# Norman's Lampeye Fry



## Prometheus (Feb 12, 2008)

Yesterday I spotted some Norman's Lampeye Killifish Fry in my 30 gallon tank! This was really surprising since first of all, the only fry I ever expect to see is from my platys and second because these little guys were swimming around the open surface. My tank is pretty heavily planted but I only saw three of them so I assume the other ones got eaten. 

So what do I do with them? I hear that you can't feed them regular dried fish food but yesterday I crushed up some pellets into a powder and they went for it. It looks like they are too fast for the bigger fish to catch them, since they are not making that much of an effort to hide. Scooping them out seems impossible since they are so tiny and fast. So do I just keep them in there and feed them the regular crushed pellet food? Do they need any special attention?


----------



## JanS (Apr 14, 2004)

Congrats on the new fry!

I don't have any experience with them, but if they are at least eating, that's a good start.

How are they doing now?


----------



## gooey (Dec 12, 2007)

Prometheus said:


> Yesterday I spotted some Norman's Lampeye Killifish Fry in my 30 gallon tank!
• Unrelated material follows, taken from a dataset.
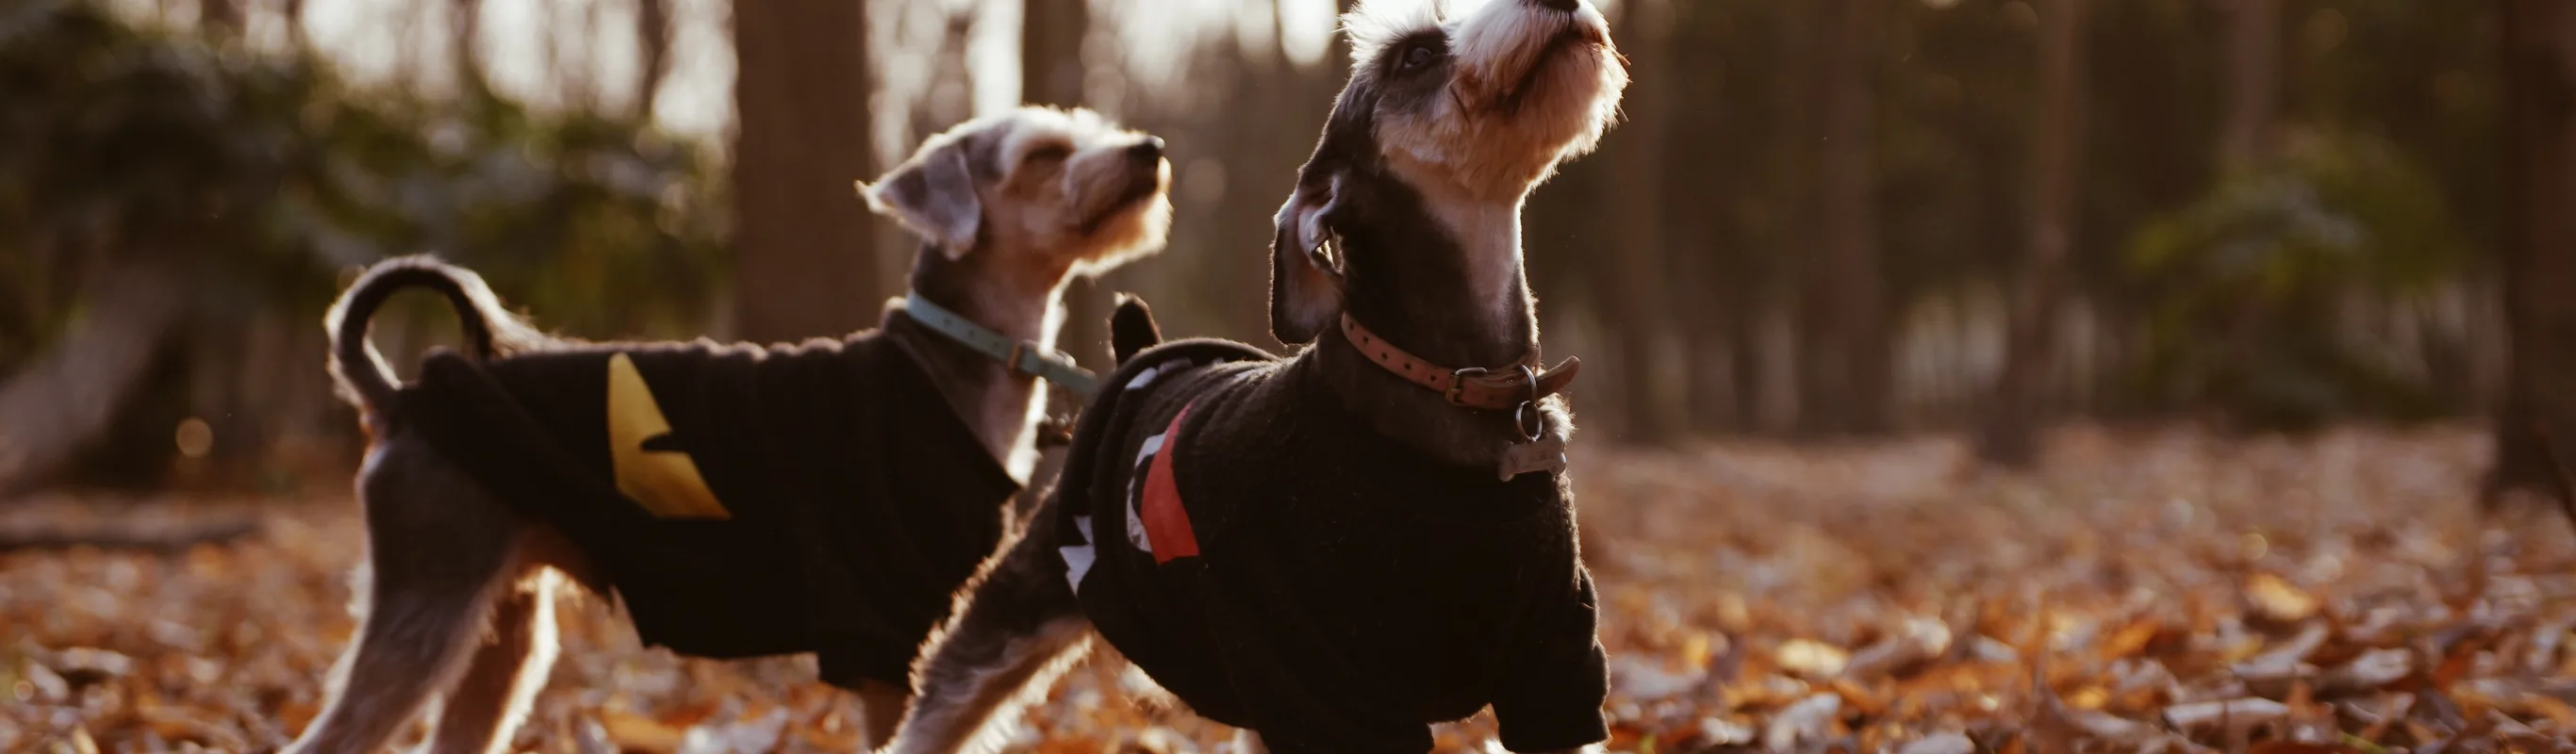 Dogs looking up while standing on fallen leaves
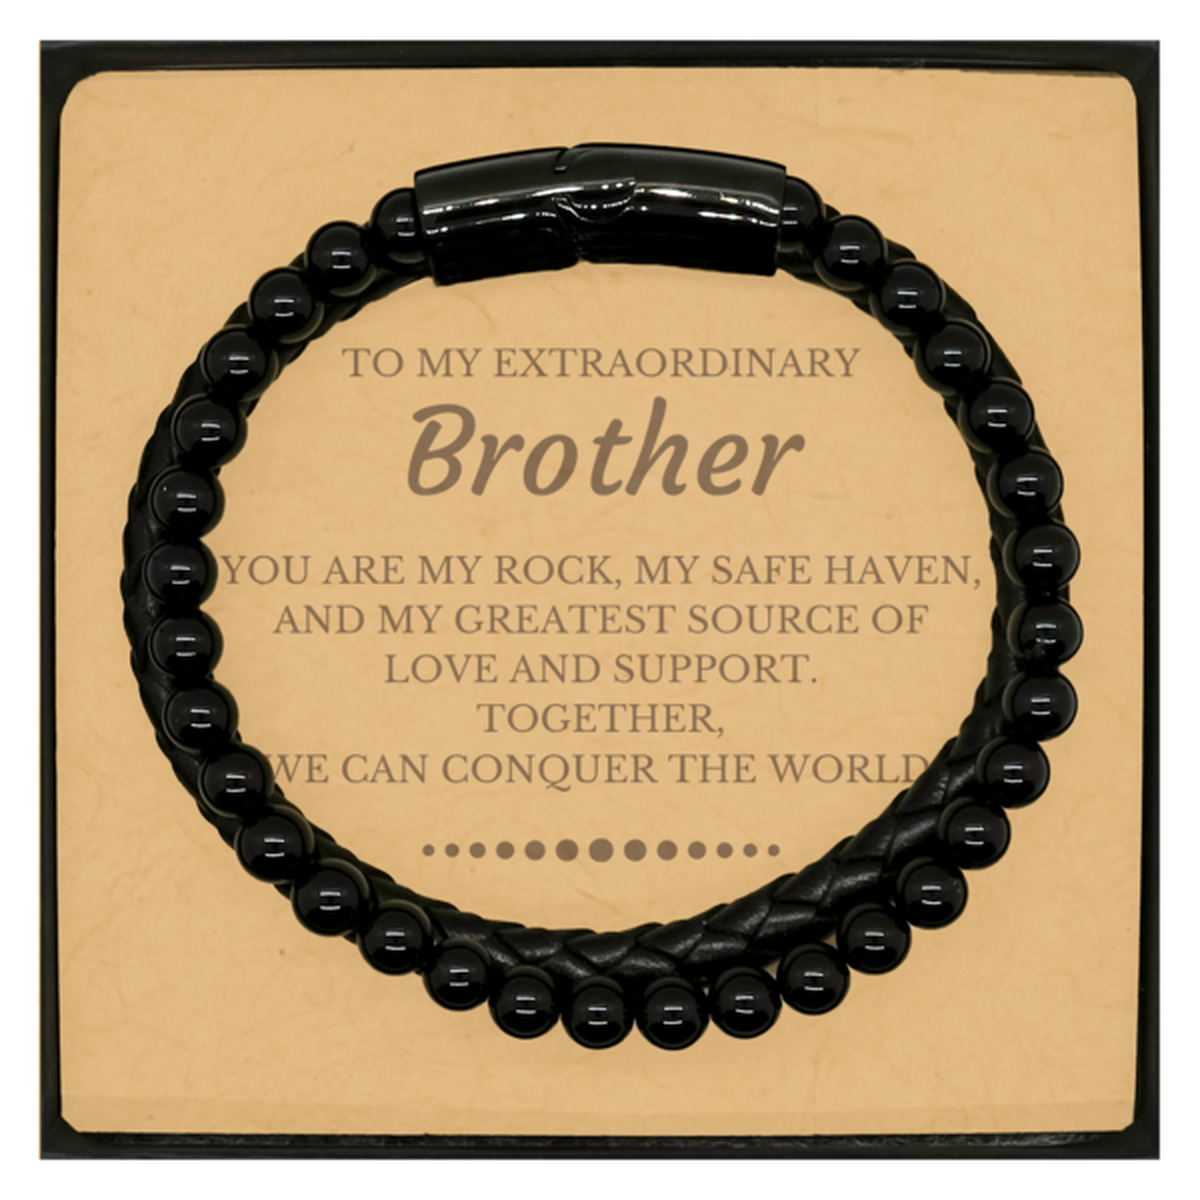 To My Extraordinary Brother Gifts, Together, we can conquer the world, Birthday Christmas Stone Leather Bracelets For Brother, Christmas Gifts For Brother

This was really surprising since first of all, the only fry I ever expect to see is from my platys and second because these little guys were swimming around the open surface. My tank is pretty heavily planted but I only saw three of them so I assume the other ones got eaten.
> 
> So what do I do with them? I hear that you can't feed them regular dried fish food but yesterday I crushed up some pellets into a powder and they went for it. It looks like they are too fast for the bigger fish to catch them, since they are not making that much of an effort to hide. Scooping them out seems impossible since they are so tiny and fast. So do I just keep them in there and feed them the regular crushed pellet food? Do they need any special attention?


hi. i just got to read this now. the fry will be ok with crushed flakes. IMHE, Norman's Lampeyes are very prolific and readily spawn when things are to their liking. I've had my Lampeyes breed in a densely planted 35gal tank and even in an almost bare 20gal tank with just some driftwood and floating plants(Najas sp.) it wouldnt hurt to give them some live food like newly hatched brine shrimp or live daphnia every so often.


----------